• _PROVIDED MATERIAL_:

______________________________

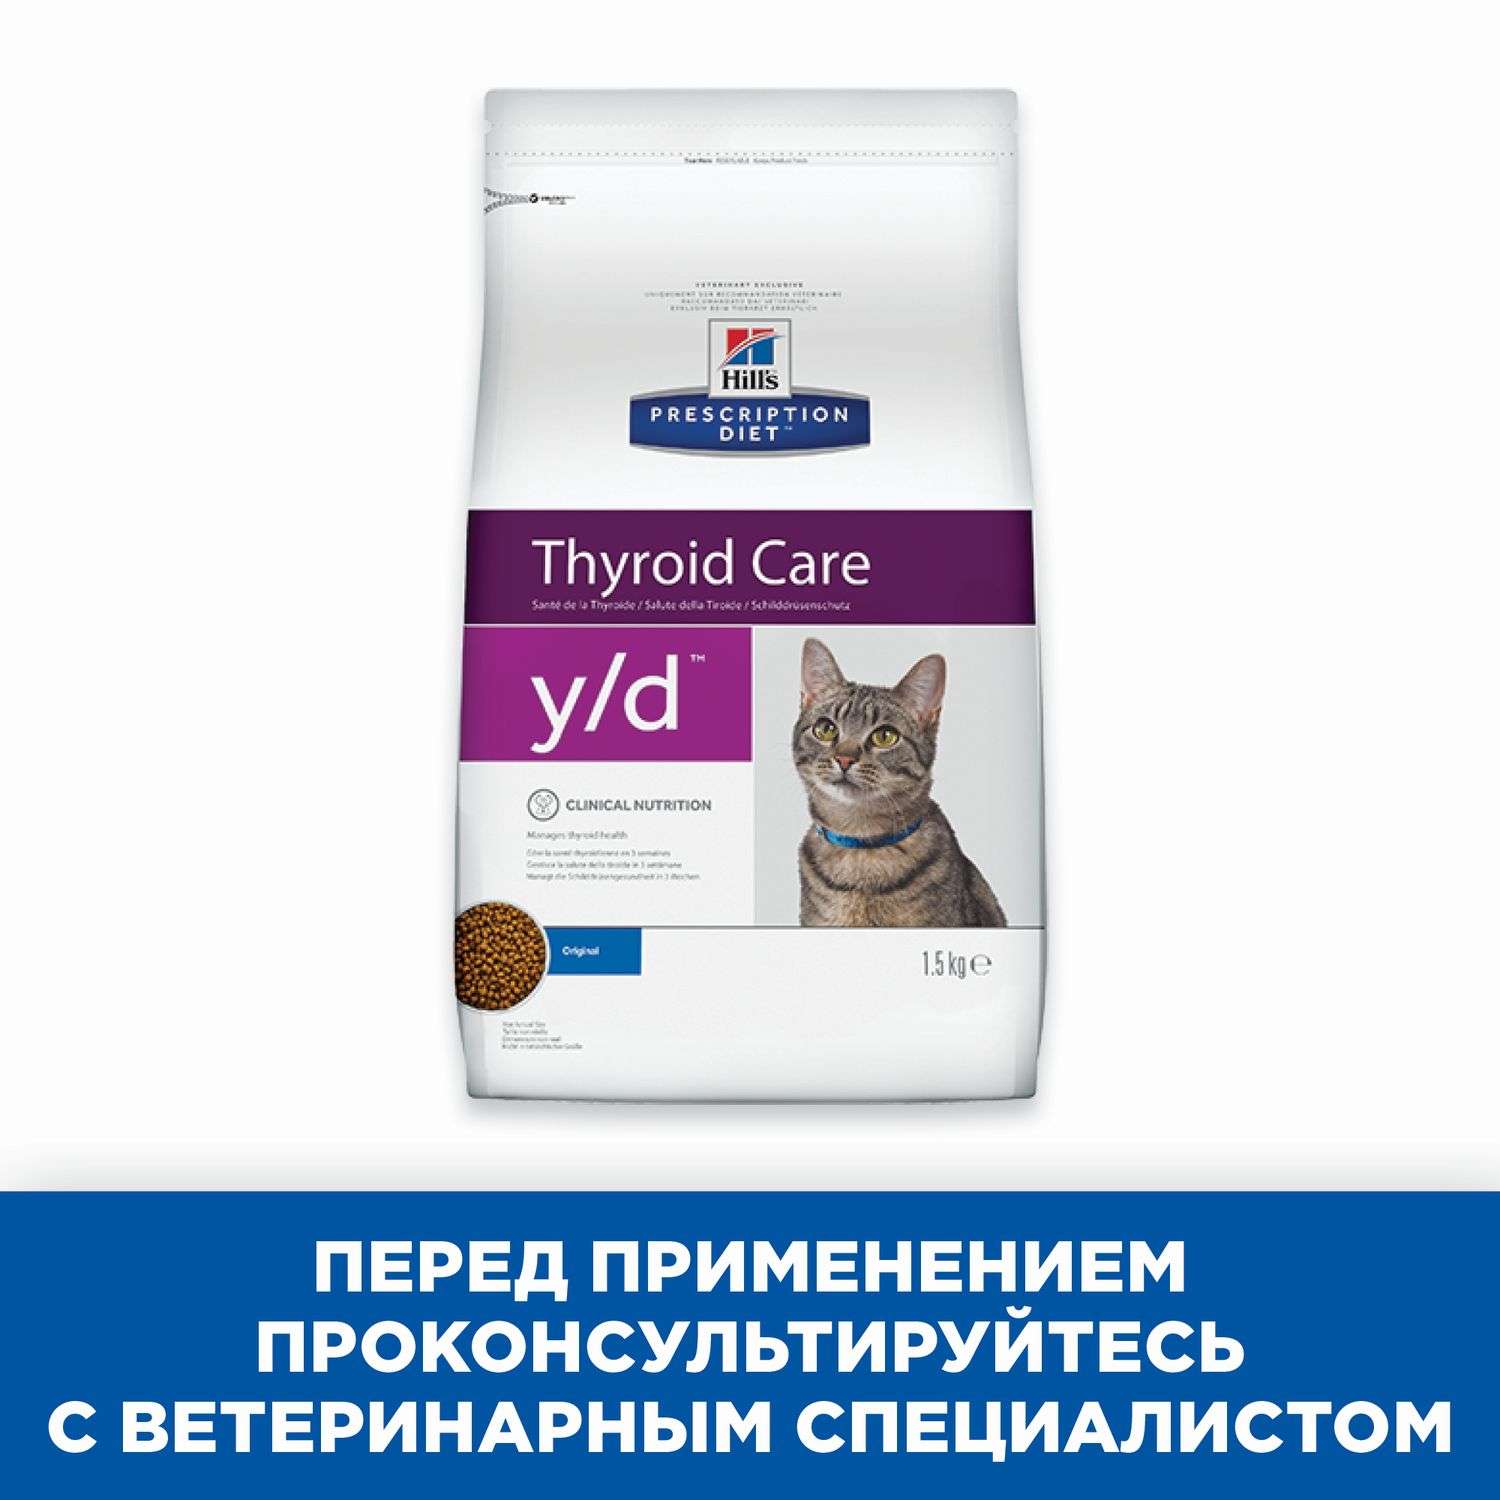 Корм для кошек HILLS 1.5кг Prescription Diet y/d Thyroid Care для щитовидной железы сухой - фото 5
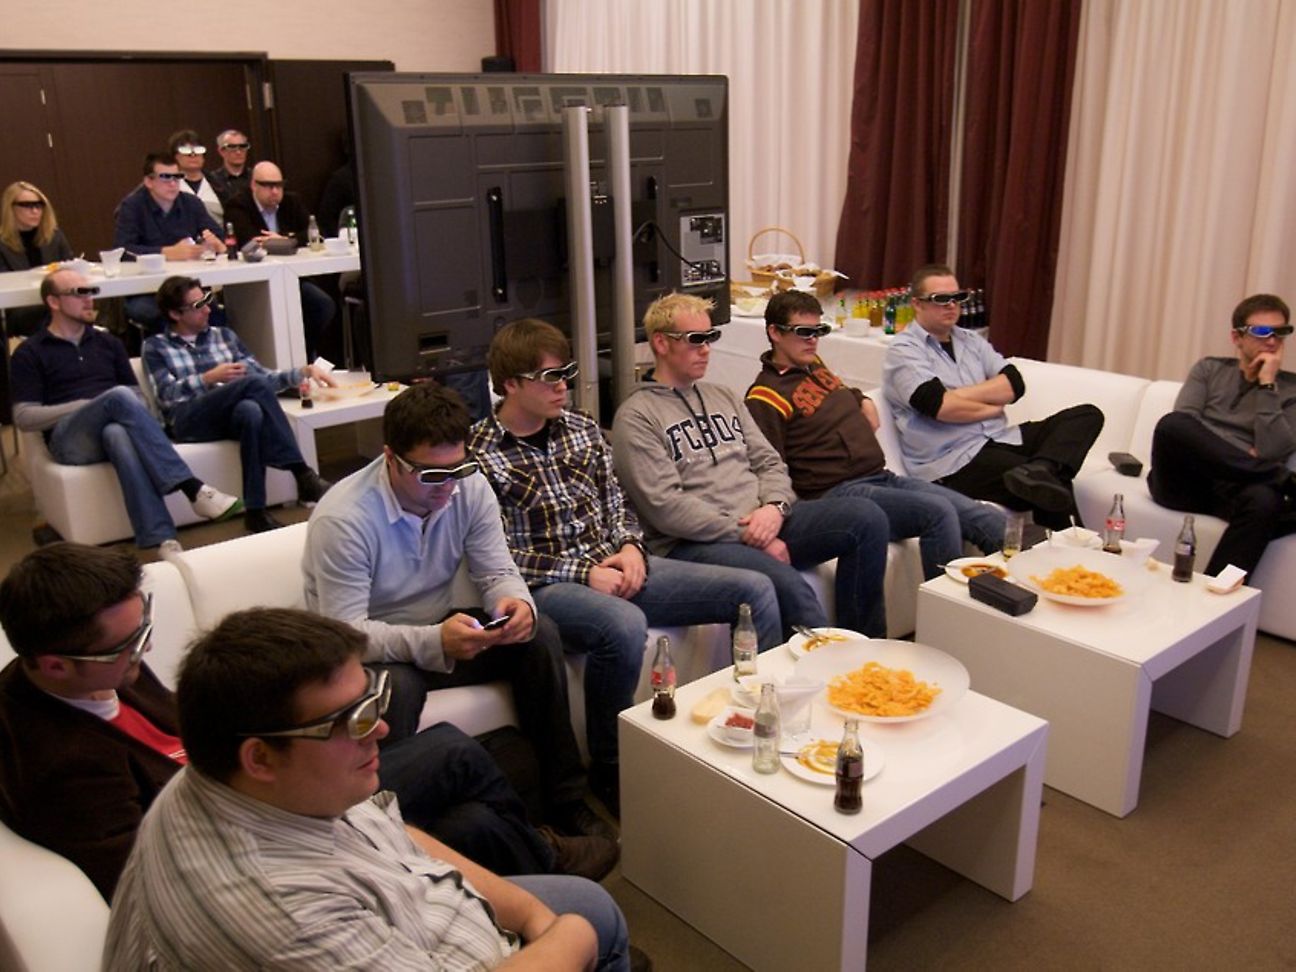 Fußball live in 3D erste Eindrücke Deutsche Telekom
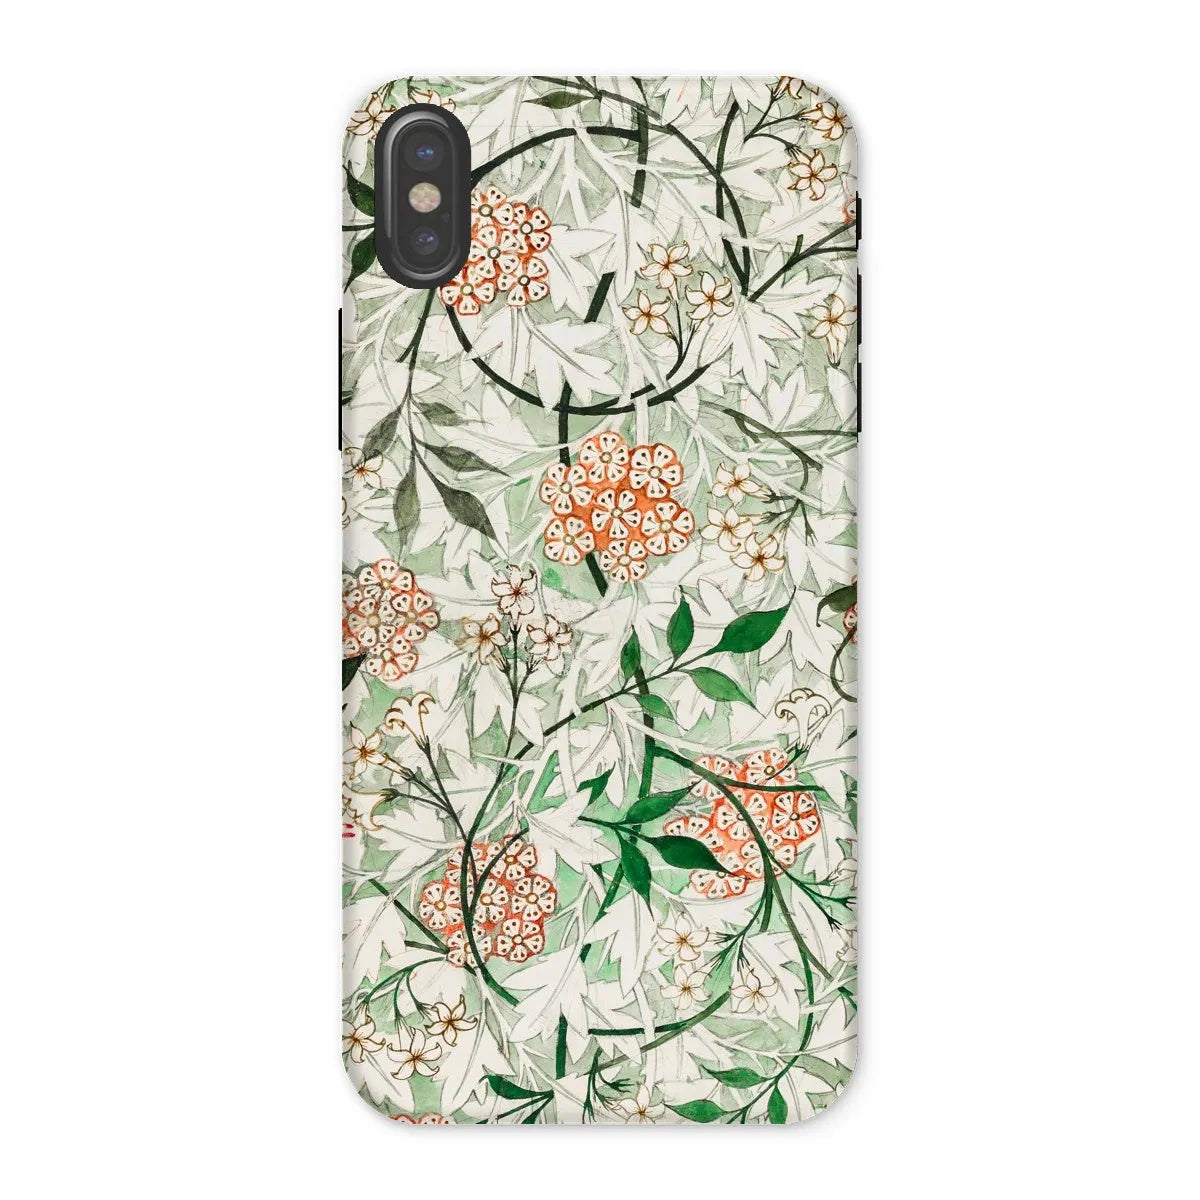 Jasmine Floral Aesthetic Art Phone Case - William Morris - Iphone x / Matte - Mobile Phone Cases - Aesthetic Art

______________________________

• _REQUIRED ACTION_:
Quote the material above exactly, from the line holding "Fußball live in" through its last line, including both. Omit the pictures.

• _SOLUTION TO THIS TASK_:
 Fußball live in 3D erste Eindrücke Deutsche Telekom
 Jasmine Floral Aesthetic Art Phone Case - William Morris - Iphone x / Matte - Mobile Phone Cases - Aesthetic Art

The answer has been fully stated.